WORK REQUIRED ▸ Write out the material below again, line for line, without any images.

PROVIDED MATERIAL ▸
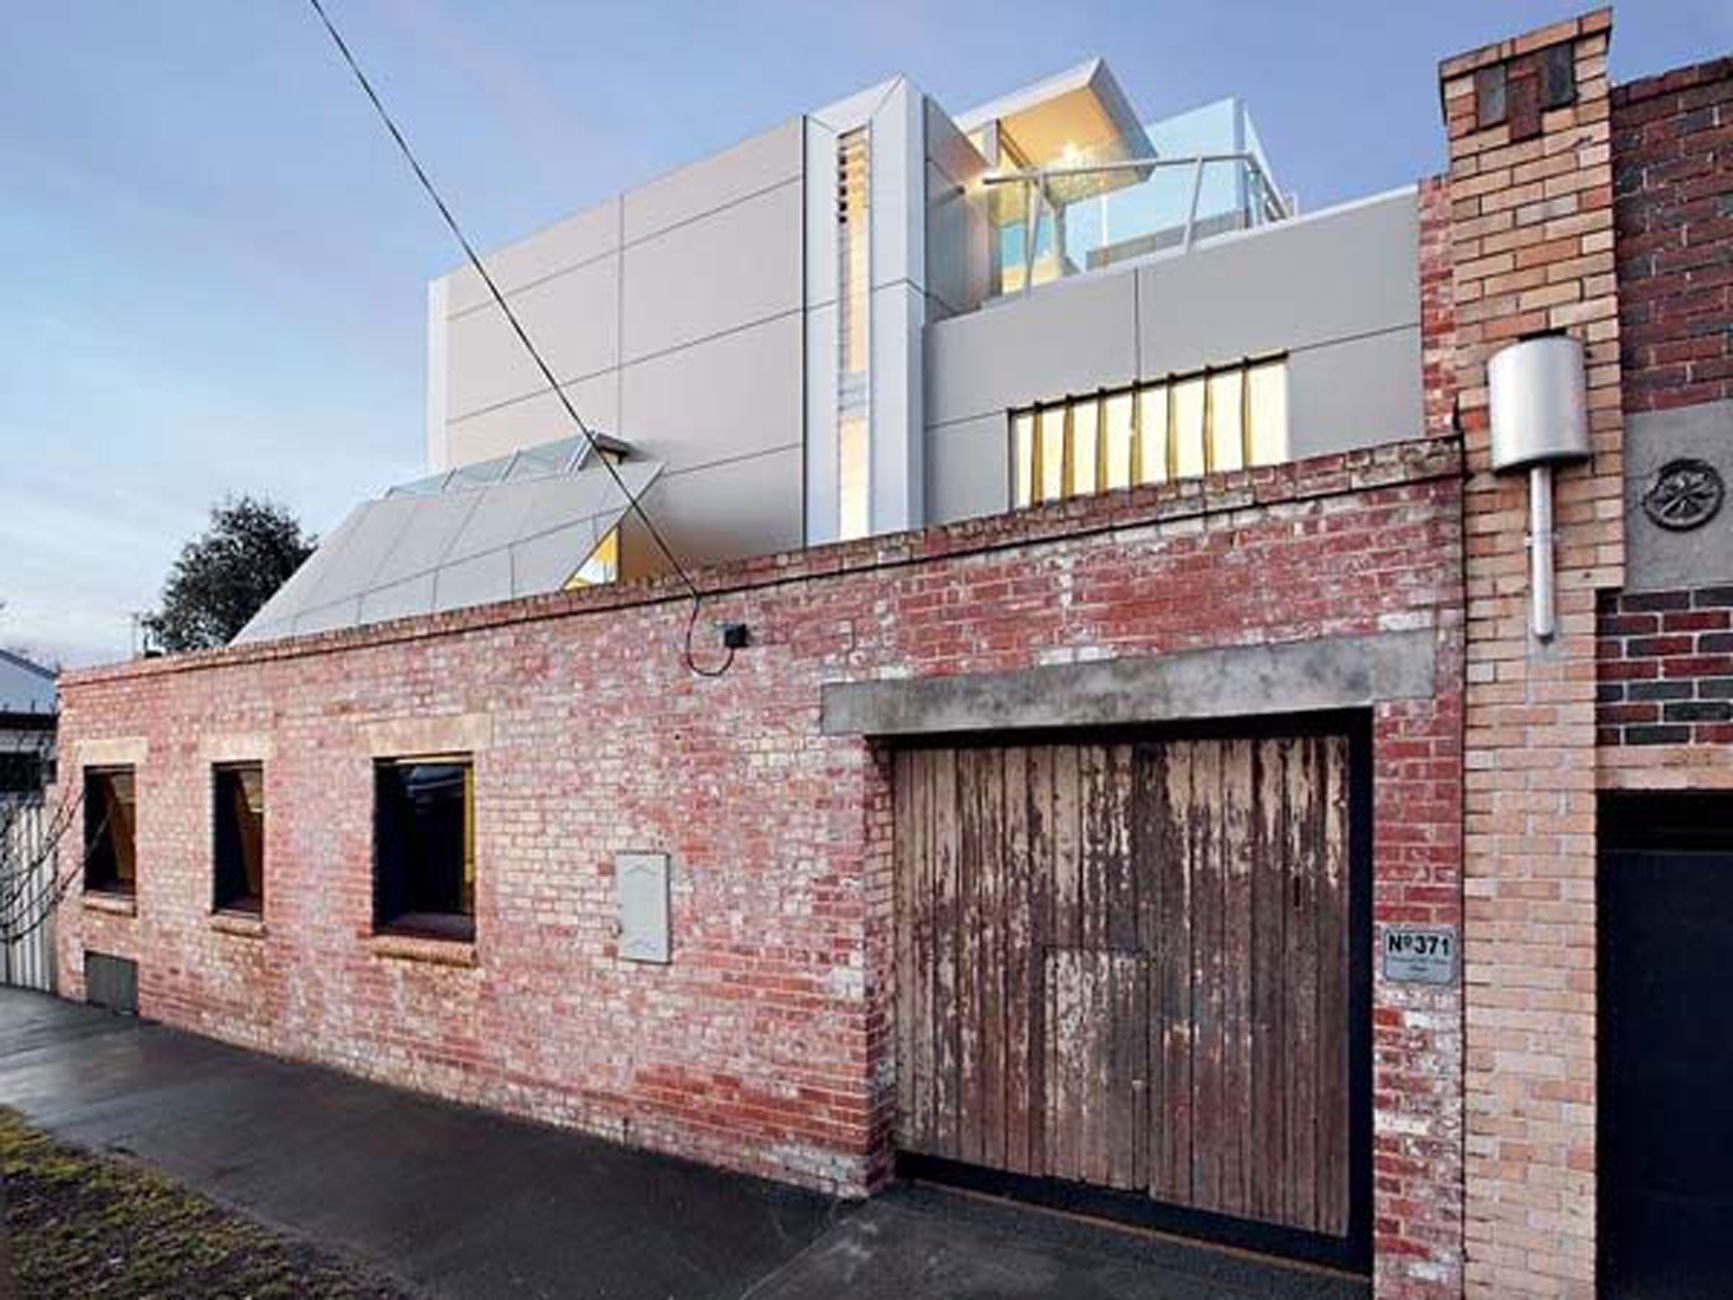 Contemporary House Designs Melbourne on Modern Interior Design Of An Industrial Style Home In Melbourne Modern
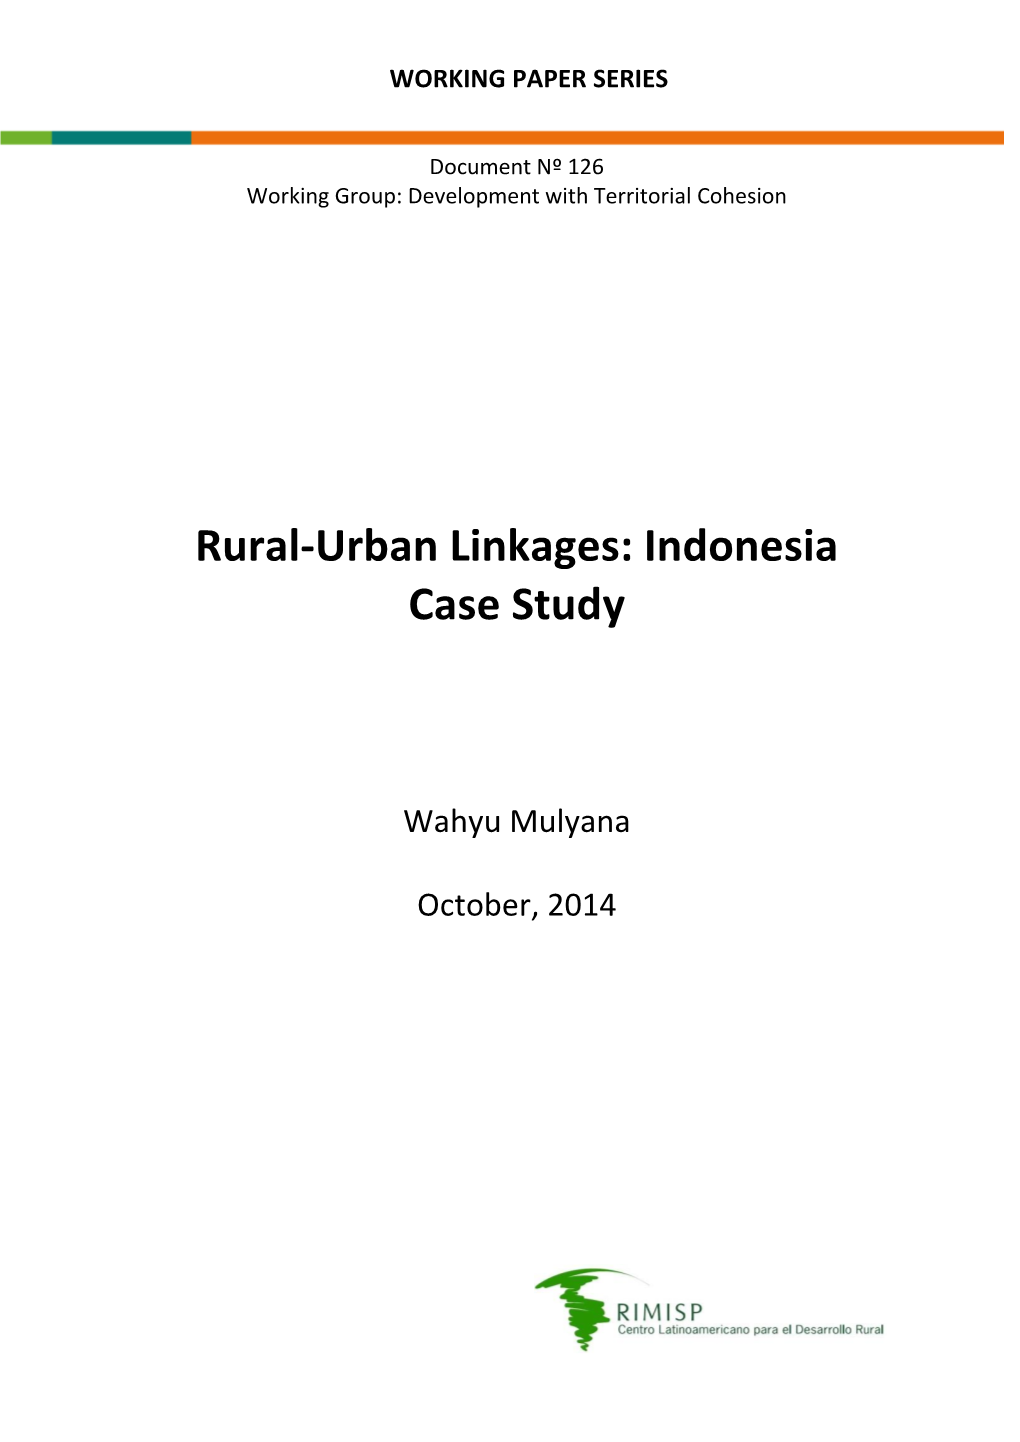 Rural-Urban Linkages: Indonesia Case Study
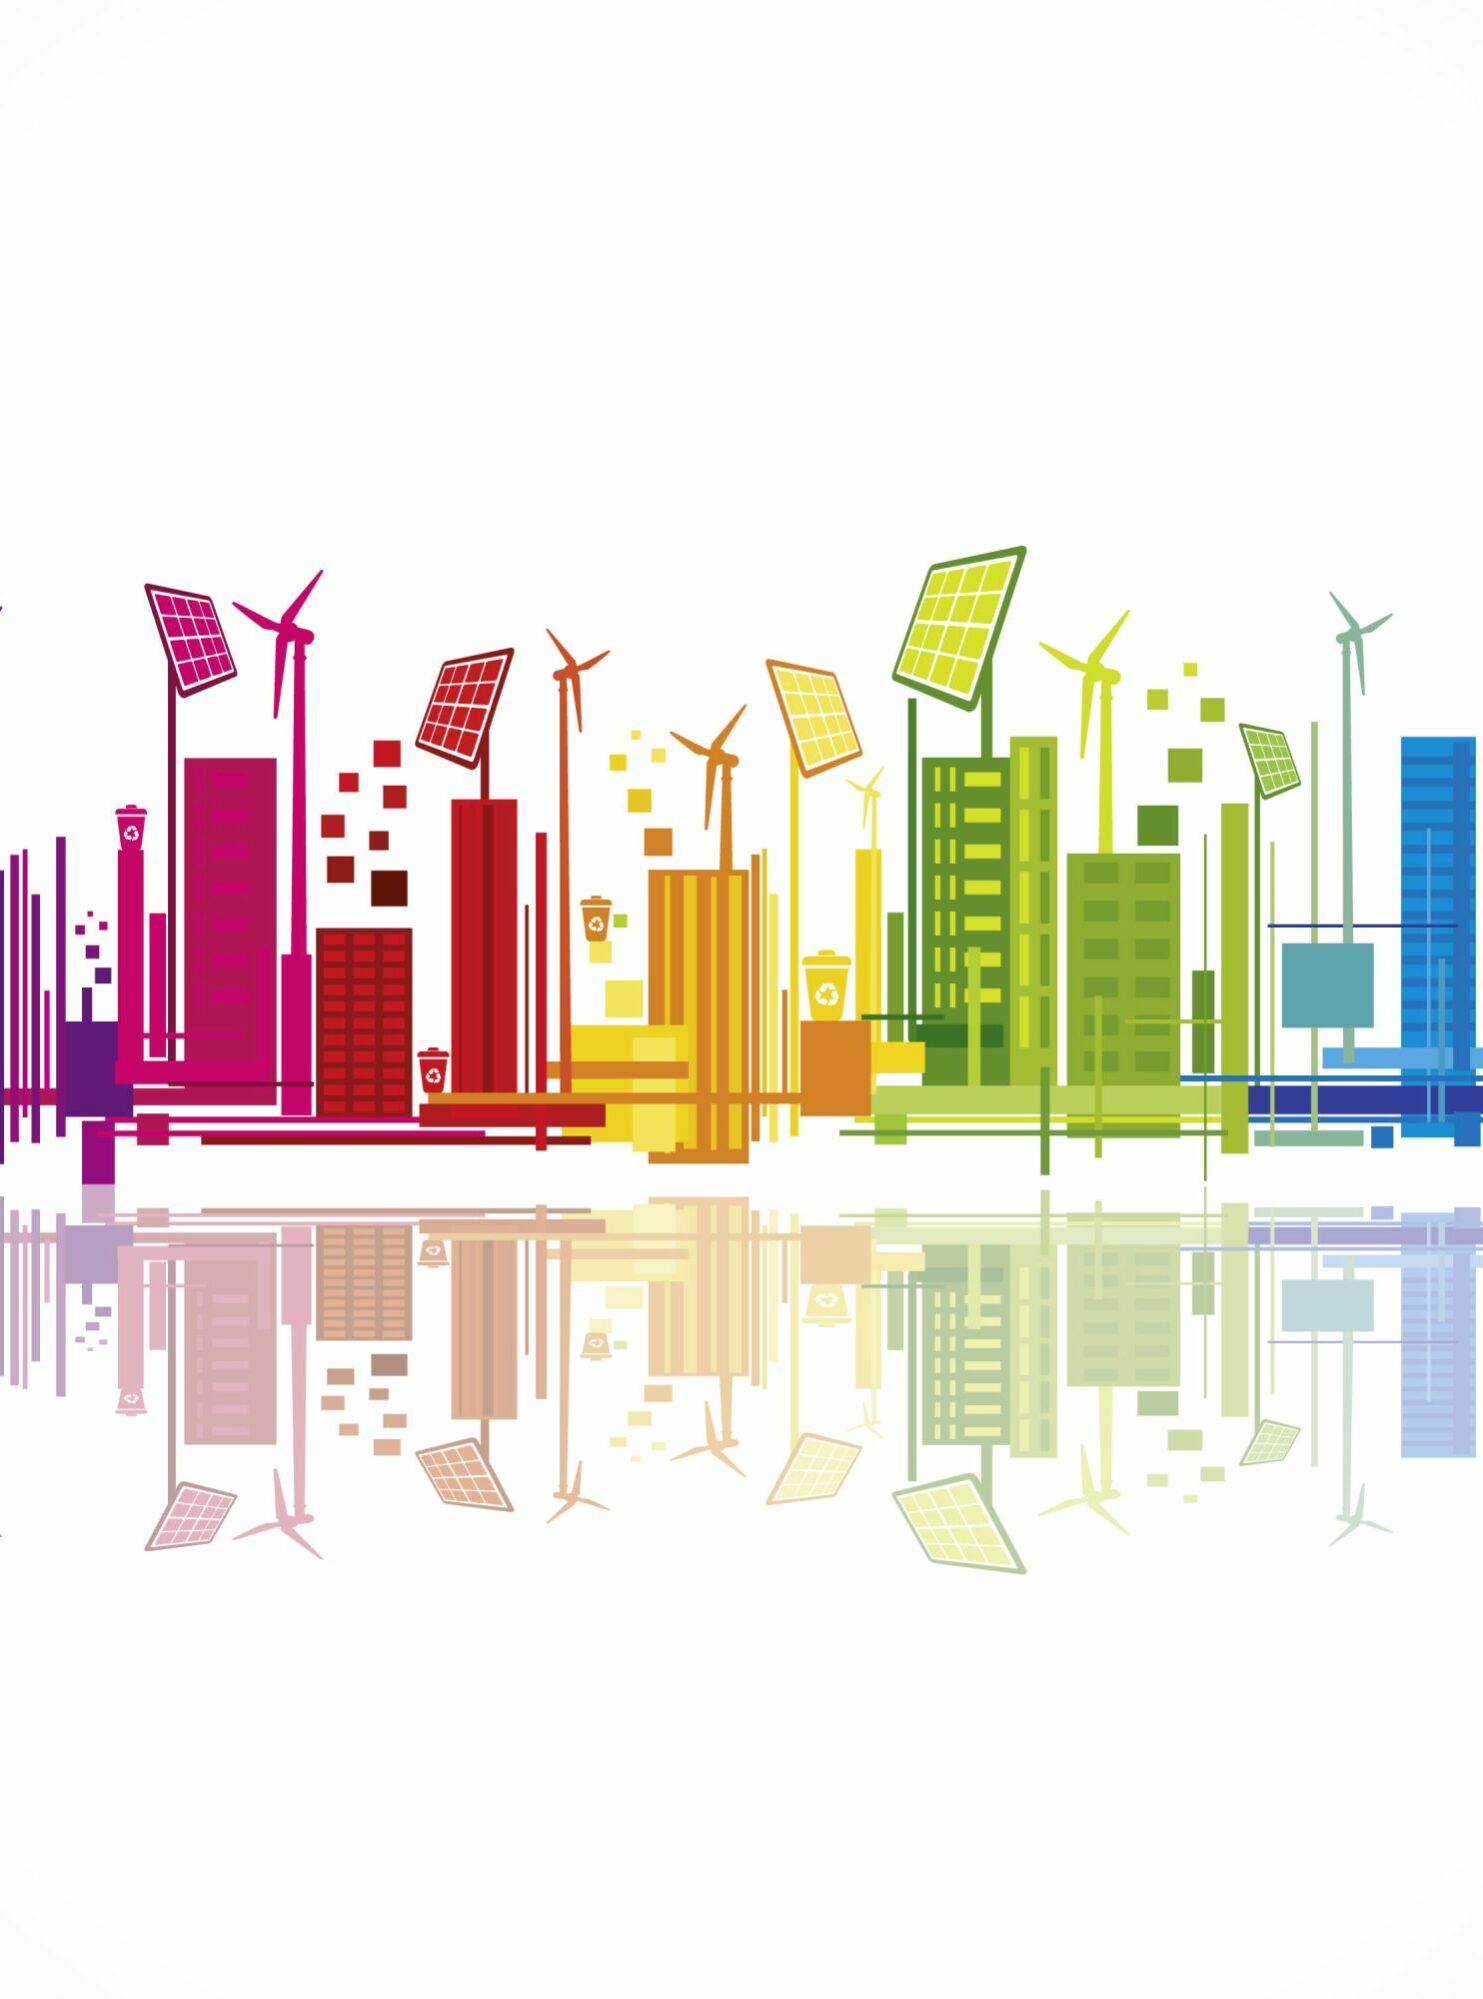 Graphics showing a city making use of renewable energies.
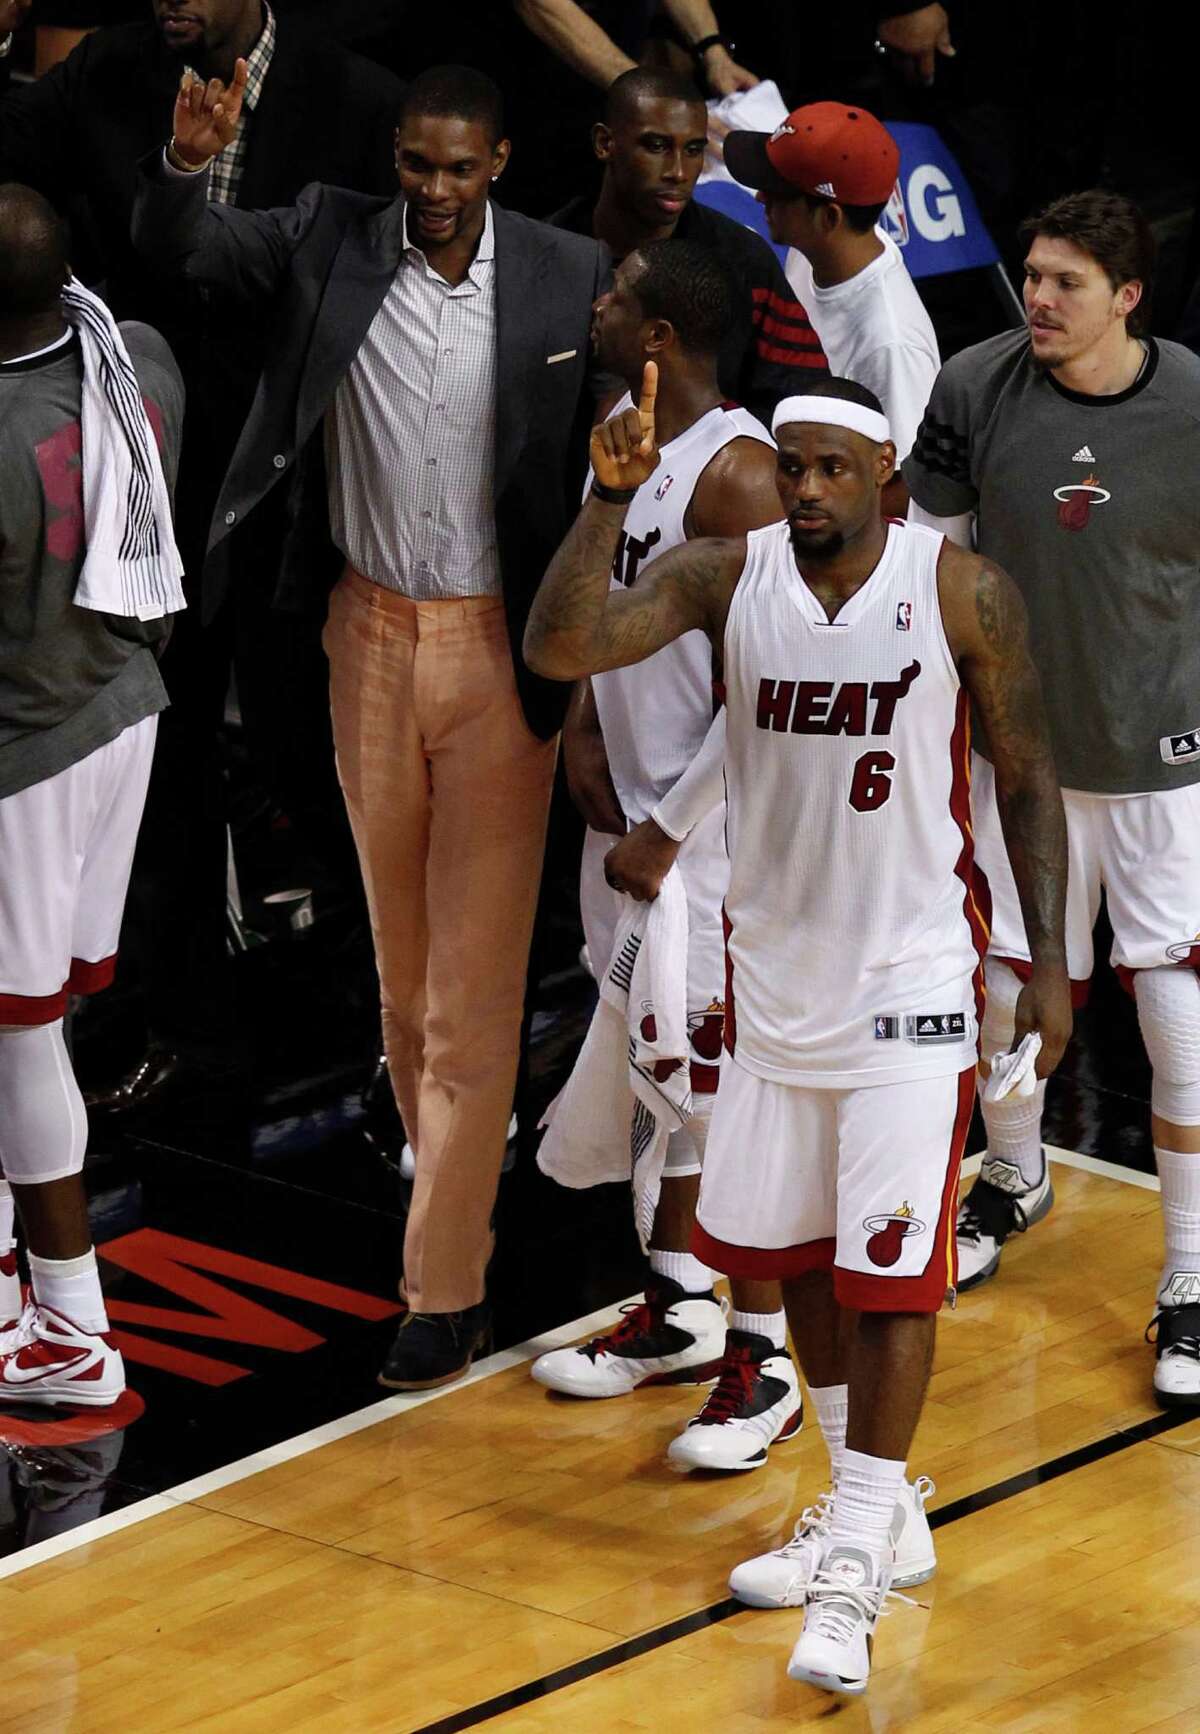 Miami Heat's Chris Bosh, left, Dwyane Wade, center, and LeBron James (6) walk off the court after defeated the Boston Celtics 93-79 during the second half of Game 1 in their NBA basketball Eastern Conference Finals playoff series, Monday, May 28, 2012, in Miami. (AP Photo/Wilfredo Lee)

PROBLEM SOLUTION ▸
 Contemporary House Designs Melbourne on Modern Interior Design Of An Industrial Style Home In Melbourne Modern
 Rural-Urban Linkages: Indonesia Case Study
 Graphics showing a city making use of renewable energies.
 Miami Heat's Chris Bosh, left, Dwyane Wade, center, and LeBron James (6) walk off the court after defeated the Boston Celtics 93-79 during the second half of Game 1 in their NBA basketball Eastern Conference Finals playoff series, Monday, May 28, 2012, in Miami. (AP Photo/Wilfredo Lee)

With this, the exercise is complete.